Does anyone here have a good starting ISO to pick for the RM-72 filter? Also the camera I'm using is a Nikon FE with a rather ancient centre weighted metre. Is this sensitive to IR light or will I need to meter first and then lock the camera on manual, screw on the filter and go? I ask this because the meter display isn't backlit on the FE. Once the IR filter goes on I won't be able to see the camera meter anymore.

Any tips so I'm not all the way back at square one?


----------



## Kiron Kid (Mar 8, 2008)

Garbz said:


> Hey all,
> 
> I've done quite a bit of work with Kodak HIE before, and I've sort of got it all down pat with a #25 Red filter. However I just bought a Hoya RM-72 which cuts of at 720nm (IR) rather than in the middle of the red spectrum so that I may try my luck with a digital camera.
> 
> ...


 
Garbz

   I burn my Kodak HIE @ 320 through a deep red #29 filter. I focus and meter through the filter. With the RM-72 filter, you will want to adjust the focus for the infrared setting. This isn't necessary with the red filters. The FM's and FE's are great cameras for IR shooting. With the RM-72 filter, don't forget to factor in the 5 stop filter factor. 

http://www.flickr.com/photos/38463255@N00/sets/72157602654245577/ 

Kiron Kid


----------



## Garbz (Mar 8, 2008)

Oh wow! I gave up on this thread. I haven't shot my last roll of HIE yet. Why is there a 5 stop drop in light if the filter is supposed to pass IR light?


----------



## Helen B (Mar 8, 2008)

HIE is sensitive to light as well as infrared, so when you add the R72 you are cutting out a lot of the radiation that HIE is sensitive to.

Best,
Helen


----------



## Kiron Kid (Mar 8, 2008)

Garbz said:


> Oh wow! I gave up on this thread. I haven't shot my last roll of HIE yet. Why is there a 5 stop drop in light if the filter is supposed to pass IR light?


 
Garbz

  The 72 filter is nearly opaque. It cuts out more light than the red filters. Because it's opaque, you'll want to use the infrared focusing adjustment. Go with a medium, f/8-f/11 appy. Don't go too small, because B/W IR film is more sensitive to image degradation due to light diffraction. Pretty soon, I'll be playing with the much slower Rollei 400 B/W IR. Just working on a way to give it the "glowing" highlights that HIE give us...  I'd love to see some of your IR images. If your lens does not have an IR focusing mafk, just nudge the focus a tad closer.
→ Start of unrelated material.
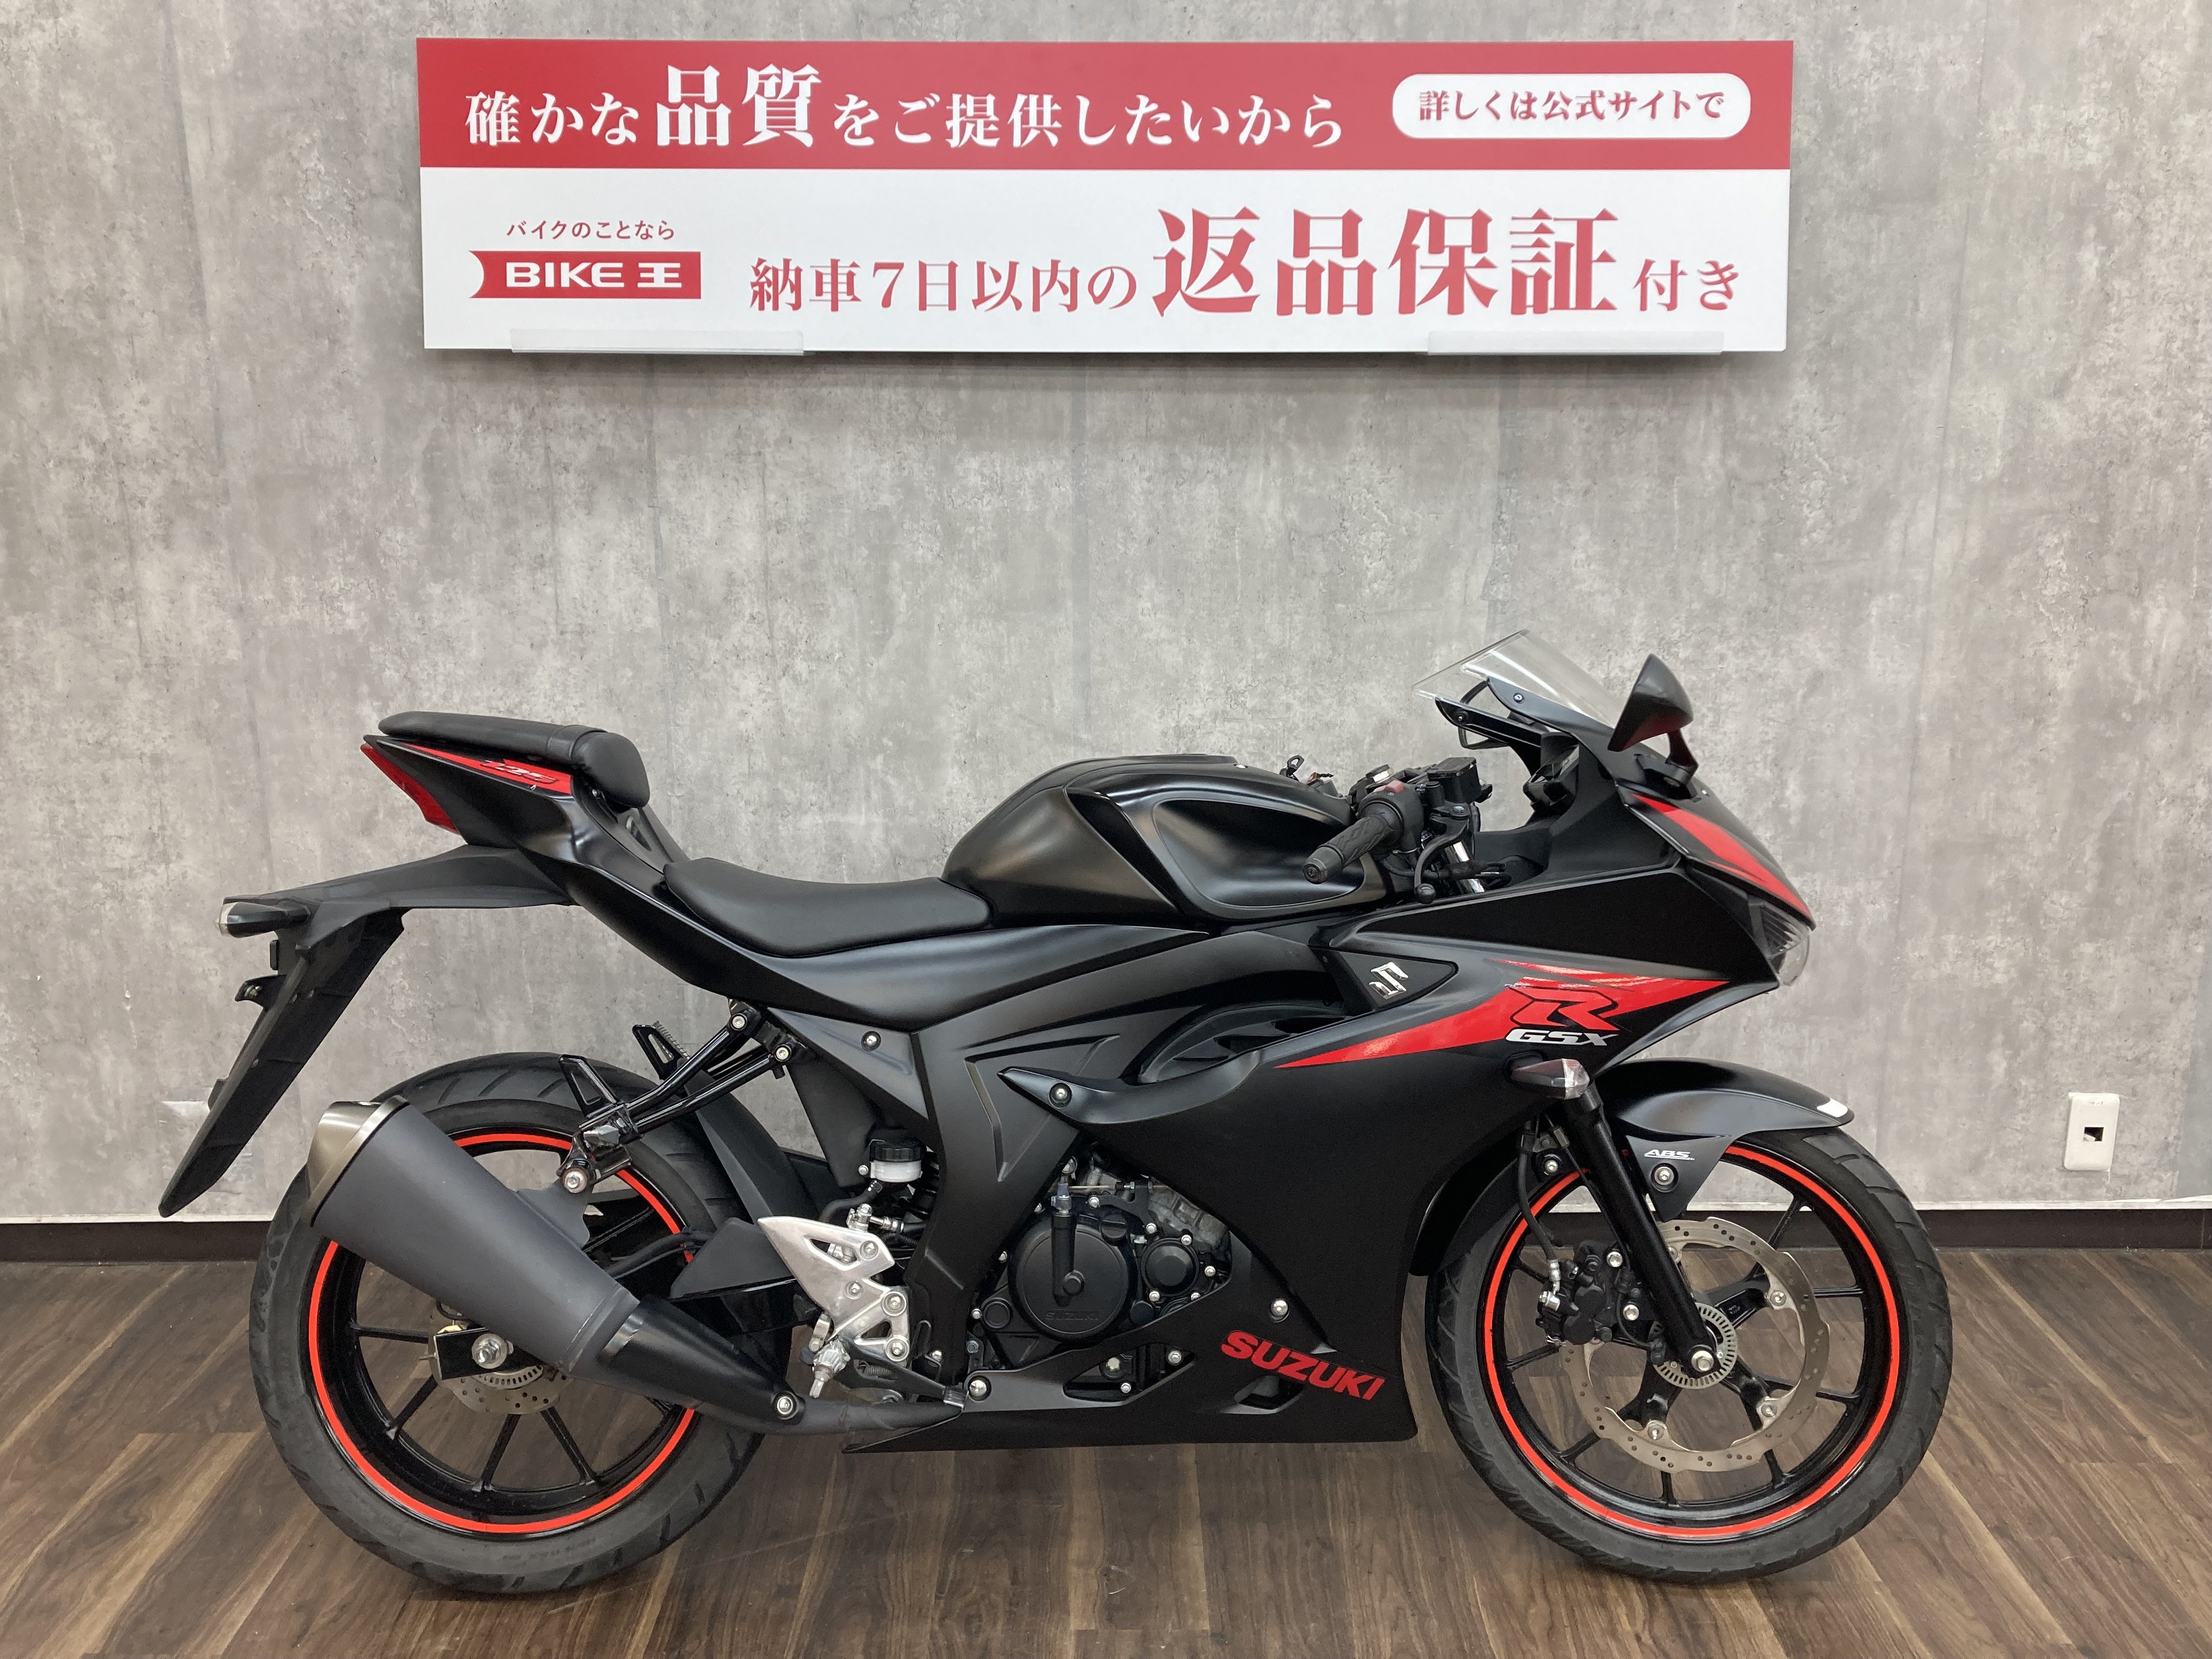 GSX-R125 ABS ☆2018年モデル☆！! | バイク買うなら【バイク王】

http://www.flickr.com/photos/38463255@N00/sets/72157602654245577/ 

   I apologize for th elate response, but I just discovered this group yesterday. 

Kiron Kid


----------



## Garbz (Mar 14, 2008)

I will be posting the images don't you worry about that 

Of course I forgot the visible sensitivity. Last time I used it I was running it with a #25A filter at ISO400 and bracketing +/-1 which got me quite a few usable pictures.


----------